You’ve been prescribed Metformin by your doctor to help keep your type 2 diabetes or polycystic ovaries syndrome (PCOS) in check, However, when it comes to understanding the particulars of dosage and timing, you may be a bit puzzled.
Taking Metformin at the right time and in the proper way can ensure you are maximizing the benefits of the medication, while minimizing any unpleasant side-effects.
Let’s review the ideal time of day or night to take the medication, as well as how to adapt to different dosages.
Metformin comes in two forms: standard and extended-release. The time at which you take the medication depends on the type of tablet you have been prescribed.
Because standard-release tablets metabolize at a much quicker rate than extended-release alternatives, you may need to take them 2 or 3 times daily, depending on the dosage.
It is recommended that you take the standard-release Metformin with the first and last meal of the day in order to minimize the risk of gastrointestinal (GI) side-effects, such as stomach pain, diarrhea or vomiting. If you’re taking a third dose, ask your doctor about the best time of day to take it, which would most often be with lunch.
Extended-release tablets take longer to metabolize (around 24 hours), and can maintain a steady level of medication in the blood stream. This means you will only need to take it once a day. One advantage of the extedned-release Metformin, is that it has less effect on the GI tract and may be better for patients who are prone to adverse reactions to medication.
It is important to take the extended-release tablet with your evening meal. Because the liver produces glucose overnight, people with diabetes can go to bed with normal blood sugar levels and wake up the next morning to find that they are quite high.
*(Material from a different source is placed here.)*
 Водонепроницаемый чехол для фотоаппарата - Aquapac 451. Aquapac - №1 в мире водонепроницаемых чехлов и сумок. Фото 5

By taking Metformin with your final meal, you can slow down or stop this process overnight, thereby stabilizing your glucose levels.
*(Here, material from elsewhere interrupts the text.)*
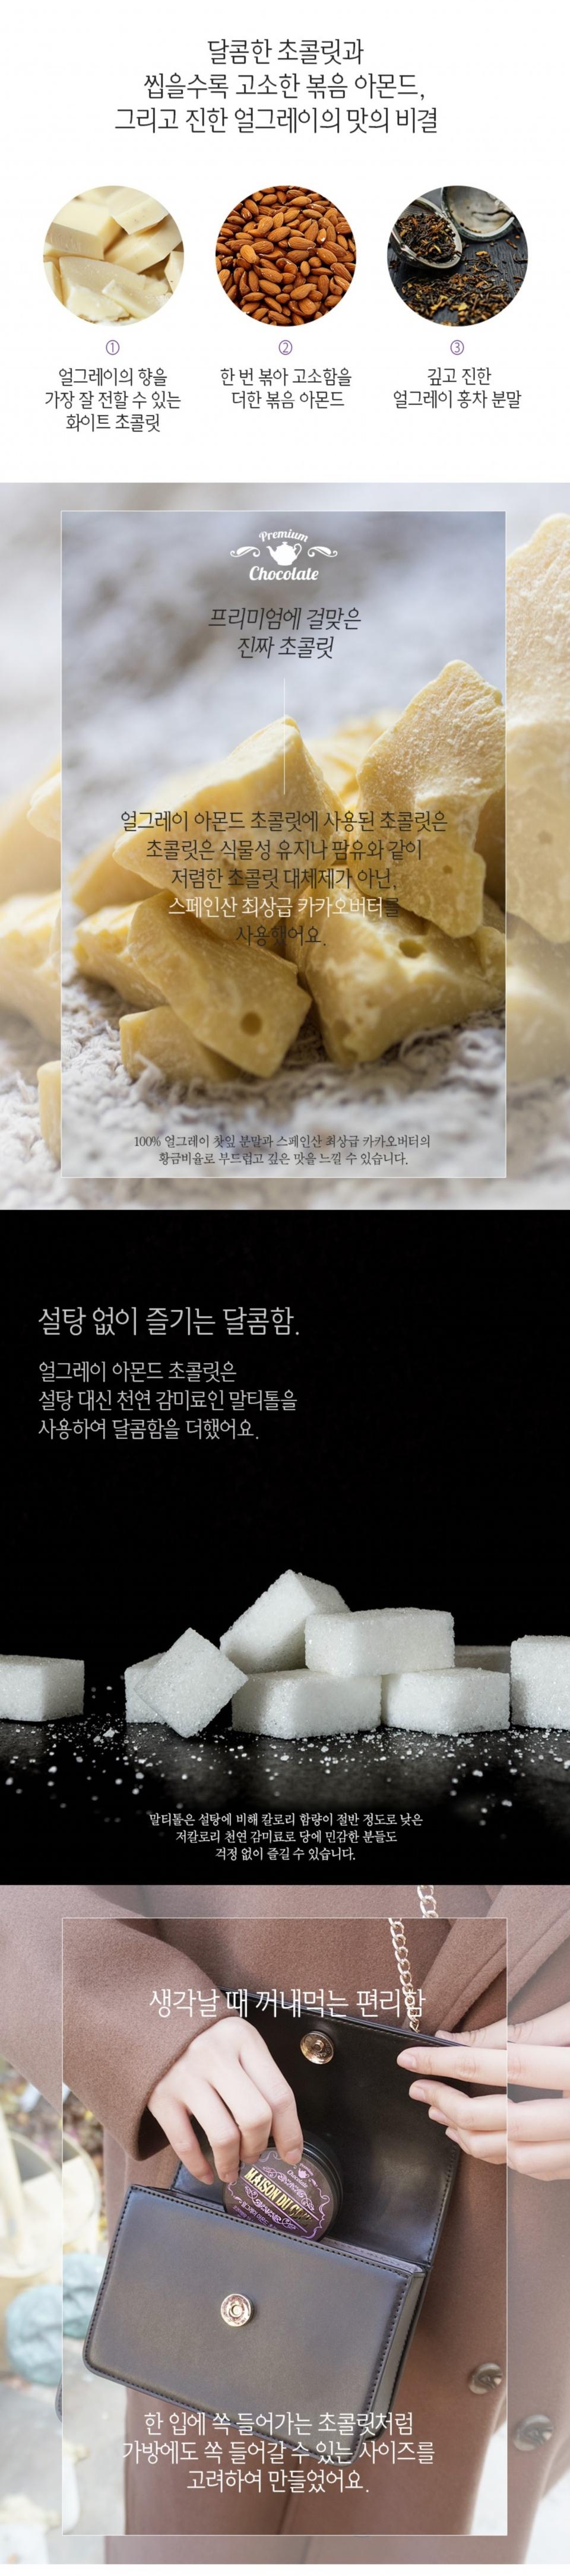 크리에이티브크루 얼그레이 아몬드 초콜릿 체험단 모집 (11.17~11.30)

No matter the type of Metformin you’re taking, always make sure that you take it with a glass of water, and never break, chew or crush the tablets.
While we now know that refraining from taking Metformin on an empty stomach is important, your dosage also plays a key role in diminishing the possibility of side-effects.
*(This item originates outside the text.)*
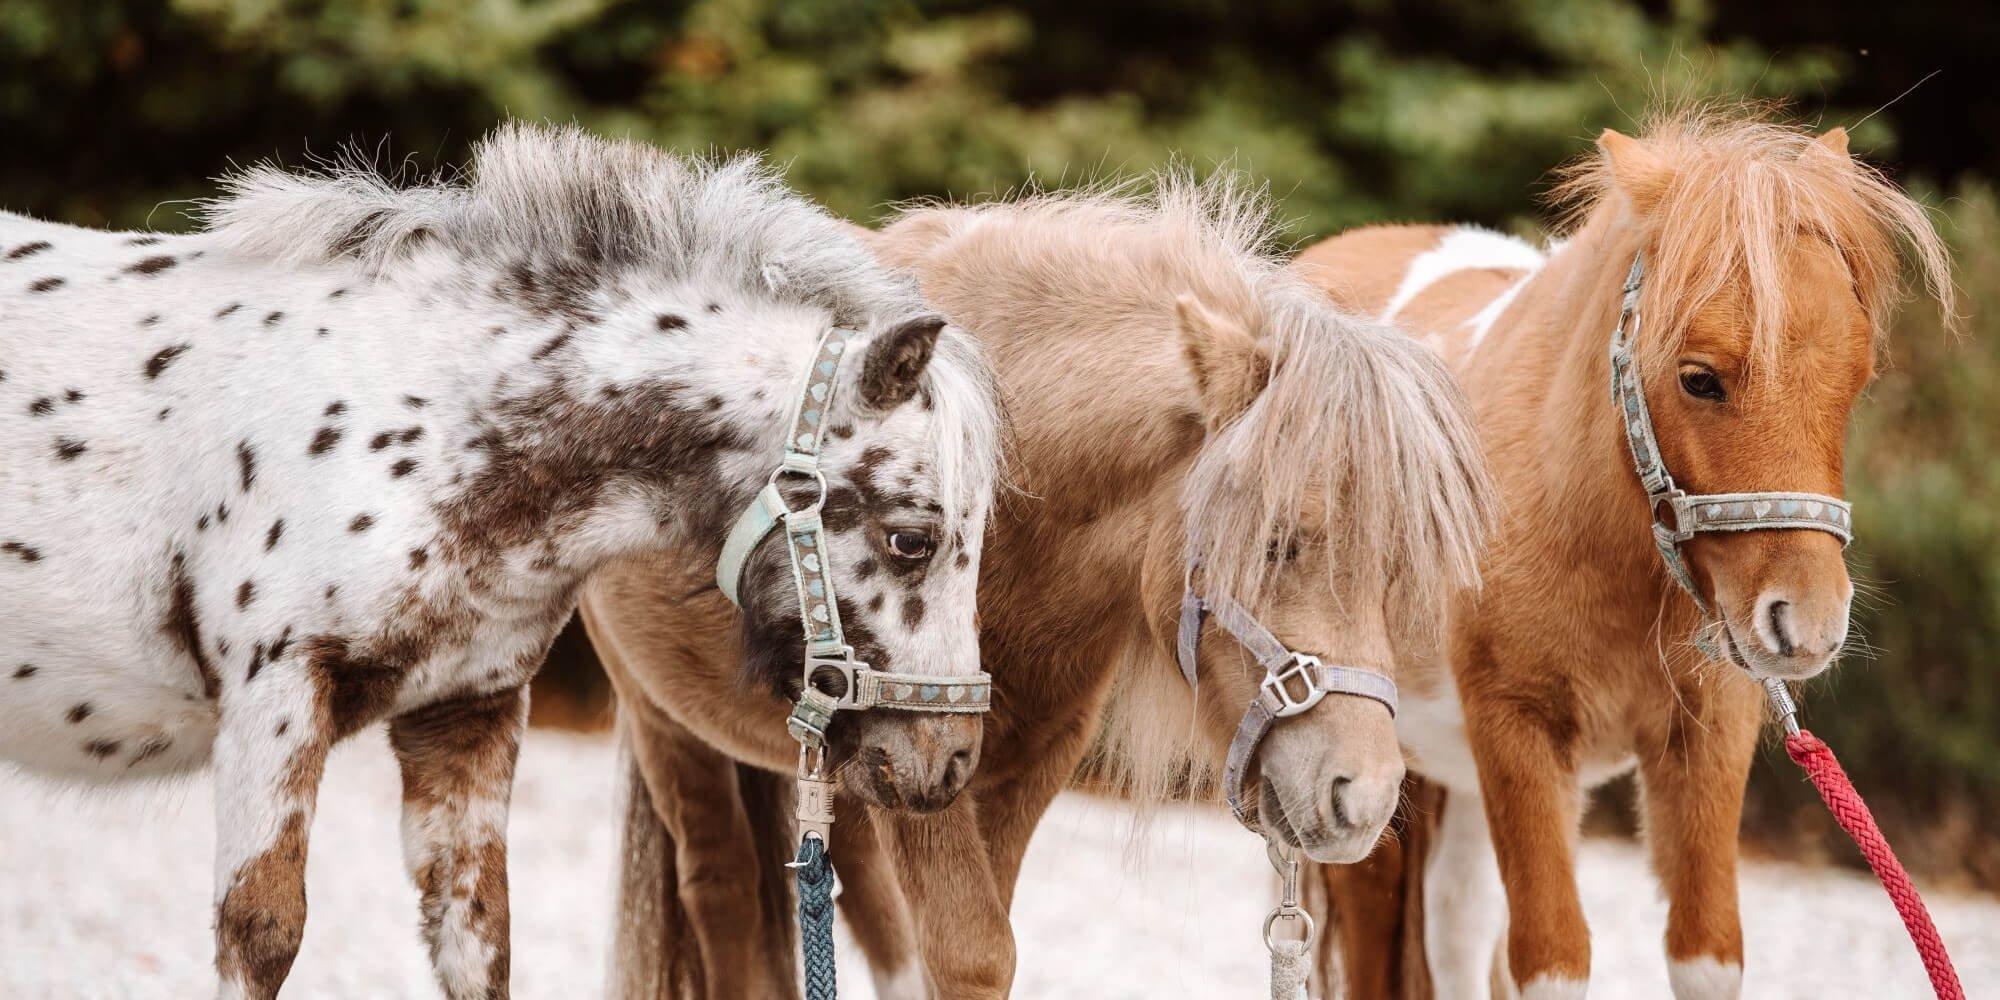 Fellfarben: Welche Pferdefarben gibt es?

When it comes to standard-release tablets, it’s usually best to start off small and then gradually increase your dose, in order to give your body time to acclimate to the medication. Therefore, it’s best to build up your dosage over several weeks until you reach the final prescribed dose, which is typically taken 2 or 3 times a day.
As an example, you could start by taking 500mg of Metformin once a day with your evening meal. After a couple of weeks, if you haven’t experienced any significant side-effects, you can increase your dose to 500mg twice a day by taking an additional tablet with your breakfast. If needed, wait another week or two before adding the final 500mg dose to your regimen at lunchtime.
If you’re taking the extended-release tablets, it’s usually okay to start off on a higher dose such as 1000mg due to the lower risk of side-effects.
The maximum daily dose of Metformin should not exceed 2500mg for the standard release and 2000mg for the extended-release form. After a dose increase, if you do start to notice any significant side effects or if side effects persist for one or two weeks, reduce the dose back to the amount you were taking before.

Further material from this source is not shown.